El general Ortega, que había asumido el mando, al morir el gobernador militar,
intentó el último esfuerzo. Los moros se aproximaban con grandes bríos y no
había momentos que perder. Jefes, oficiales, soldados y periodistas, tomaron
las armas para rechazar al enemigo que ya se hallaba cerca ; los cañones se
encontraban casi en poder de los rifeños. Junto a ellos yacían muertos o
heridos sus servidores.
Que las dos
piezas de artillería fuesen tomadas por los moros, era cosa que ningún español
podía tolerar, y sin embargo, aquéllos redoblaban sus esfuerzos y avanzaban a
la carrera para apoderarse de tan preciado trofeo. En estos graves instantes,
un bravo teniente del regimiento de Extremadura, el entonces casi niño, don Miguel
Primo de Rivera (hoy general de brigada), salió del fuerte, acompañado de sólo
cuatro soldados, y espada en mano cargó sobre el grupo de enemigos que rodeaban
los cañones, y después de un épico combate, consiguió arrastrar las piezas,
conduciéndolas hasta Cabrerizas.
El ejemplo
de heroísmo dado por el bravo oficial, estimula digna emulación, en otro no
menos bravo teniente que vio con indignación el intento de la morisma de
rematar a los heridos que se hallaban desamparados en la explanada.
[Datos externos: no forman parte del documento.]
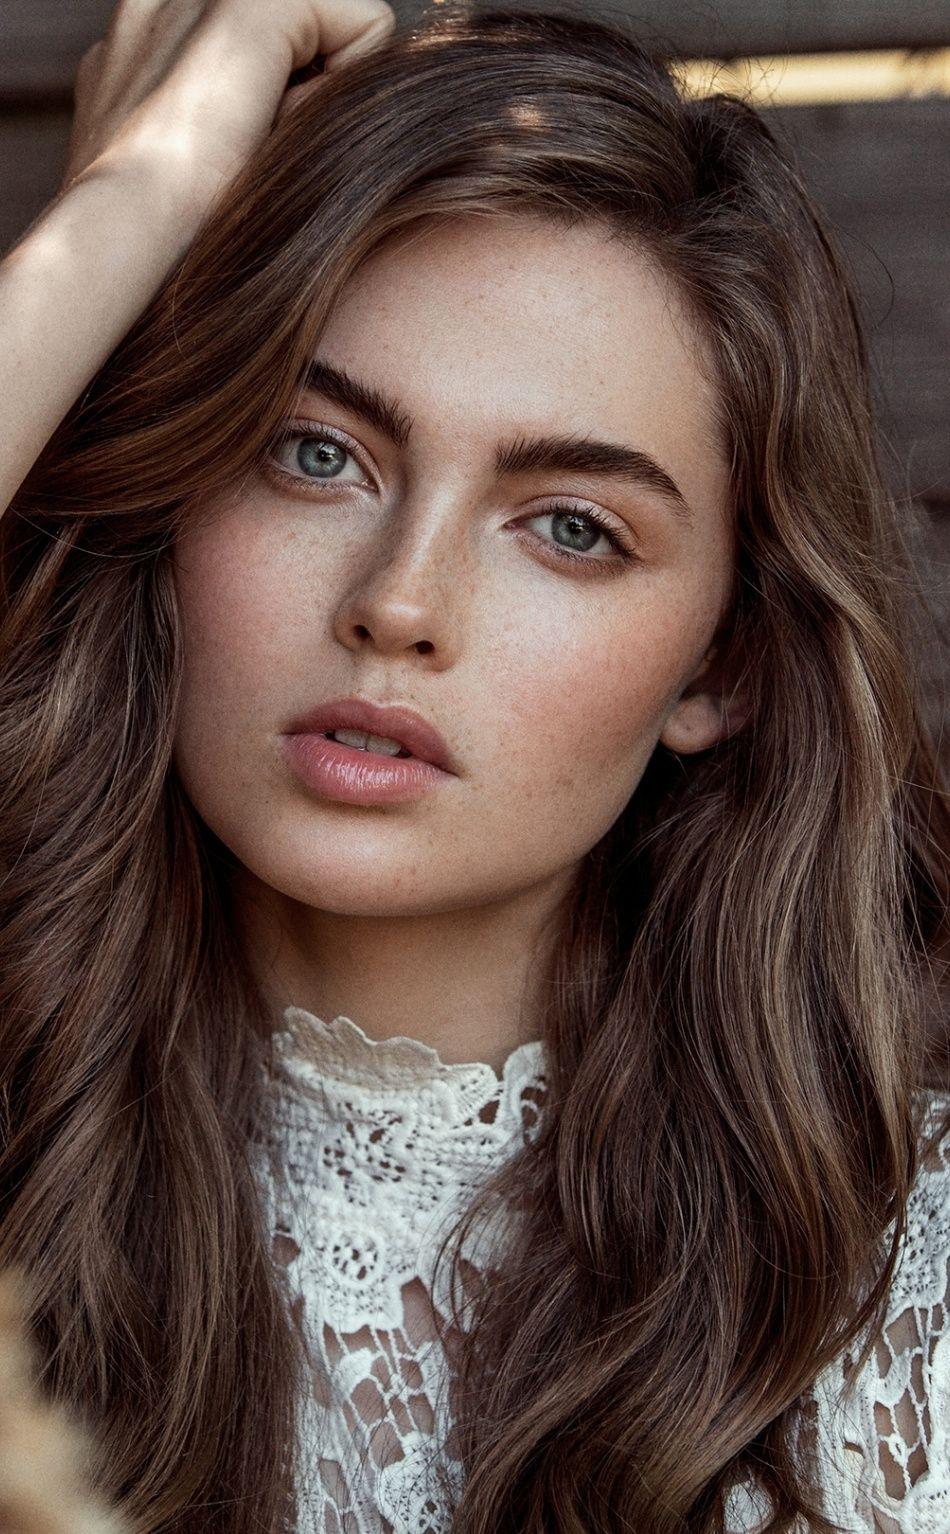 950x1534 Aqua Eyes Brunette Gorgeous Woman Wallpaper Brunette Green Eyes Brunette Blue Eyes Gorgeous Women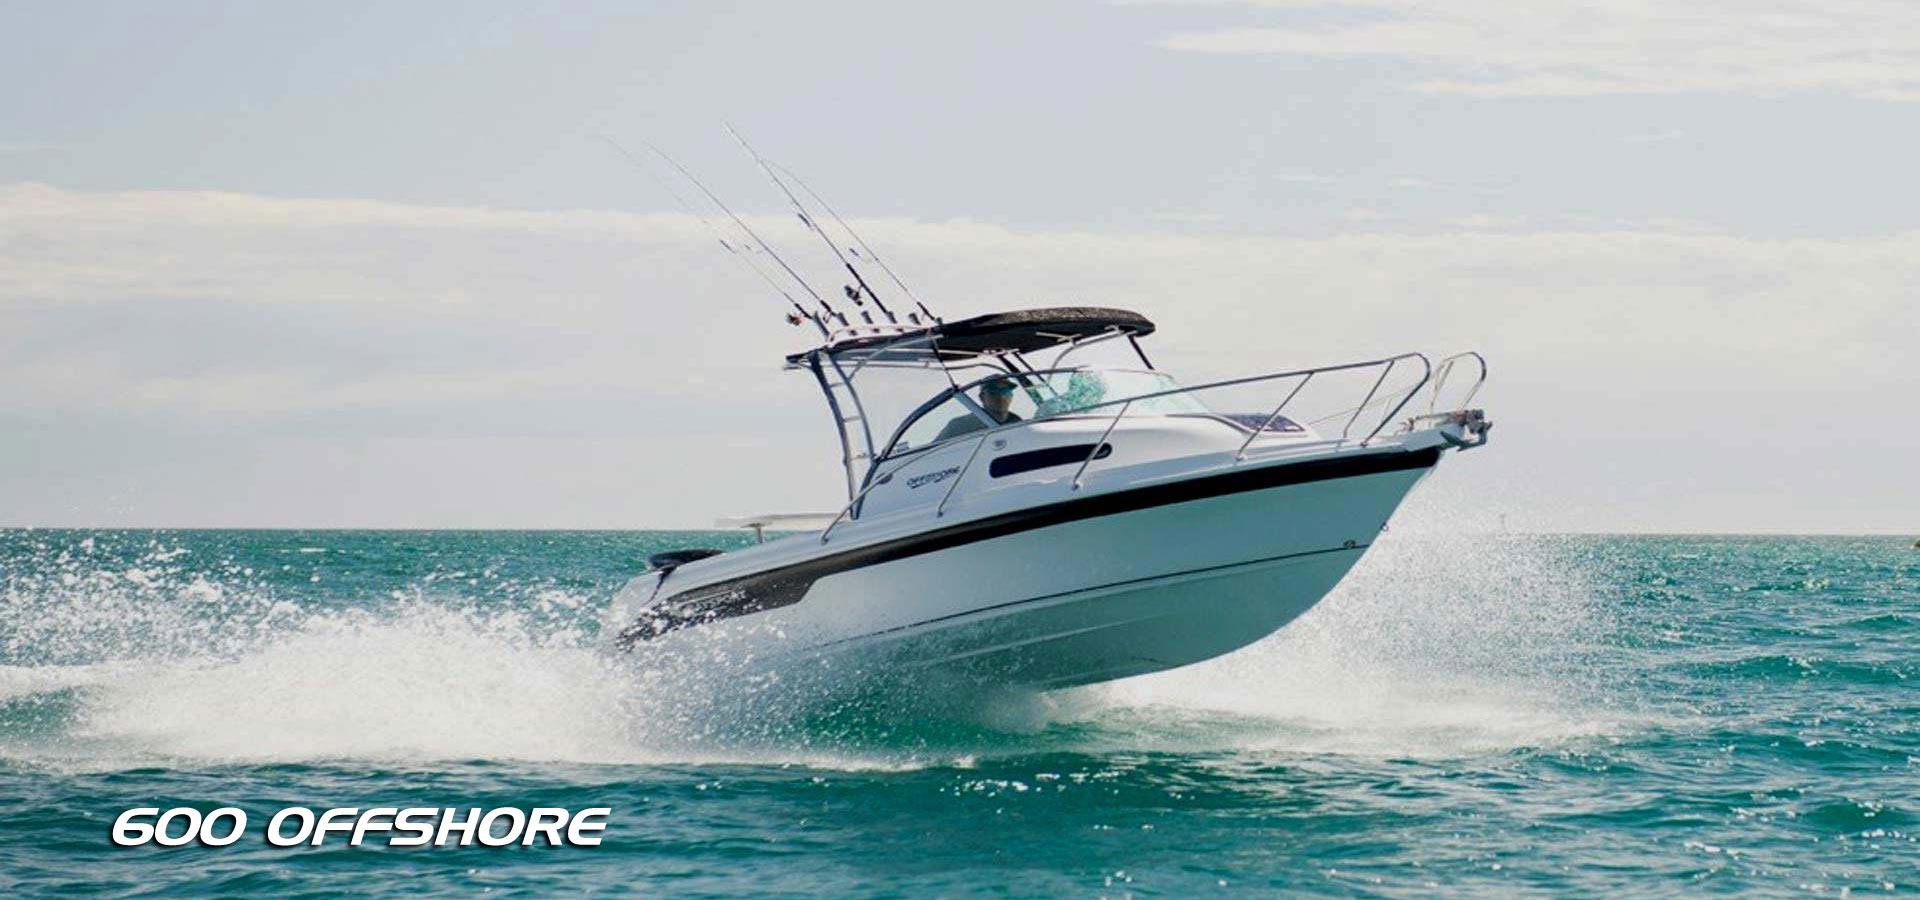 Baysport Boats 600 Offshore fibreglass boat

Esta hazaña
fue bizarramente ejecutada por el teniente Caracuel, y a él debieron su
salvación las infelices víctimas de aquel memorable combate.
A lo lejos
se divisaba el convoy que, procedente de Melilla, se dirigía en socorro de
Cabrerizas, y al observarlo, ordenó el general Ortega que cesara el fuego. A
los lados de los carros cargados con víveres y municiones, avanzaba desplegado
el batallón disciplinario mandado por su teniente coronel, señor Mir. Los moros
le hostilizaron rabiosamente, abandonando sus posiciones frente al fuerte, para
tomar otras, desde donde poder impedir el auxilio que se enviaba a los
sitiados. Fue necesario ordenar una carga a la bayoneta para desalojar del
campo al tenaz enemigo, empeñado en estorbar el avance de nuestros soldados.
Por fin
llegó el convoy a su destino, mientras el disciplinario continuaba batiéndose
en las trincheras, resistiendo valerosamente a la caballería mora, que cargó sobre
él con vigoroso empuje. Las guerrillas tuvieron que retroceder y entraron en
Cabrerizas acosadas por el fuego enemigo. Cerráronse las puertas, y empezó a
descargarse el convoy.
Al retirarse
estas fuerzas, un soldado herido no pudo seguir a sus compañeros, y quedó
tendido en tierra. Los moros se arrojaron sobre él, rodeándole completamente.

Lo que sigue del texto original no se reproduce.